MATERIAL SHOWN
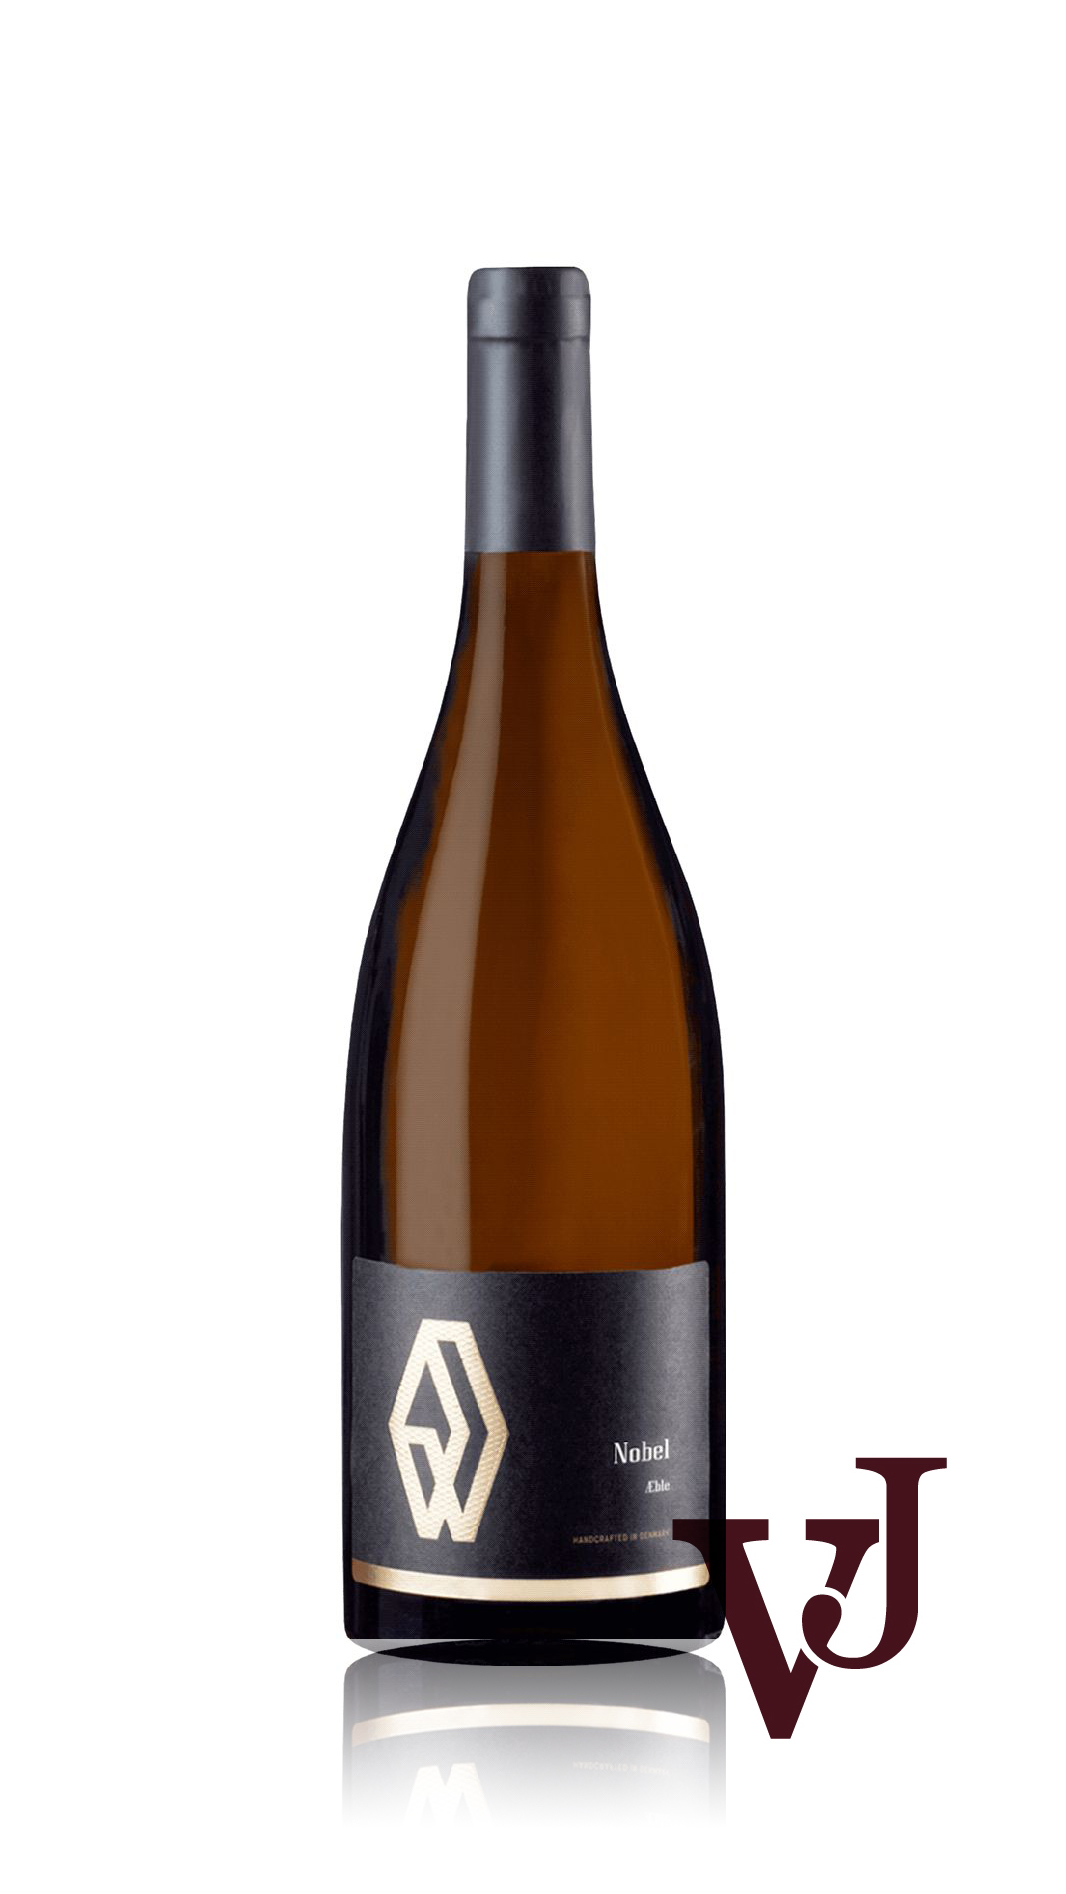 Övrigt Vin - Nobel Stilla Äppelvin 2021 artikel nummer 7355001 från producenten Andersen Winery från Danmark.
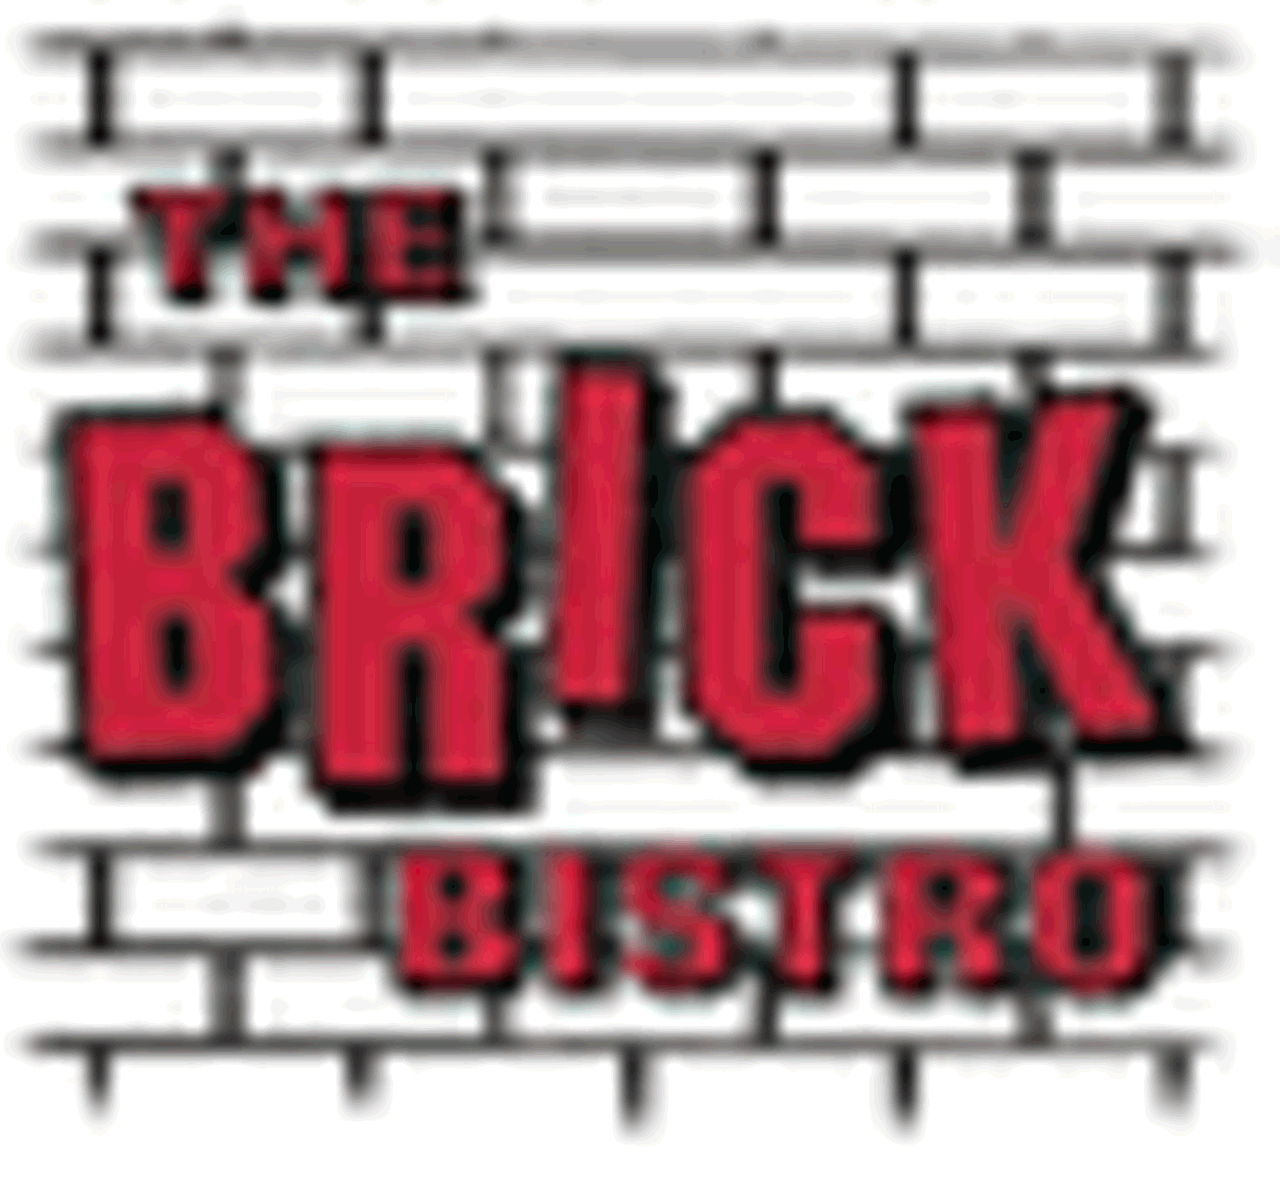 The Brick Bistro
==
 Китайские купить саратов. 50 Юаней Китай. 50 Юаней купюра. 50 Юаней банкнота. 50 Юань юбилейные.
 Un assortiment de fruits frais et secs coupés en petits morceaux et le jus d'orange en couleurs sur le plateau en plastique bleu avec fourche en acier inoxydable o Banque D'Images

ACTIVITY
With the pictures omitted, restate word for word the lines above from the line that has "Övrigt Vin - Nobel" up to and including the line that has "The Brick Bistro", and no other lines.

TASK ANSWER
 Övrigt Vin - Nobel Stilla Äppelvin 2021 artikel nummer 7355001 från producenten Andersen Winery från Danmark.
 The Brick Bistro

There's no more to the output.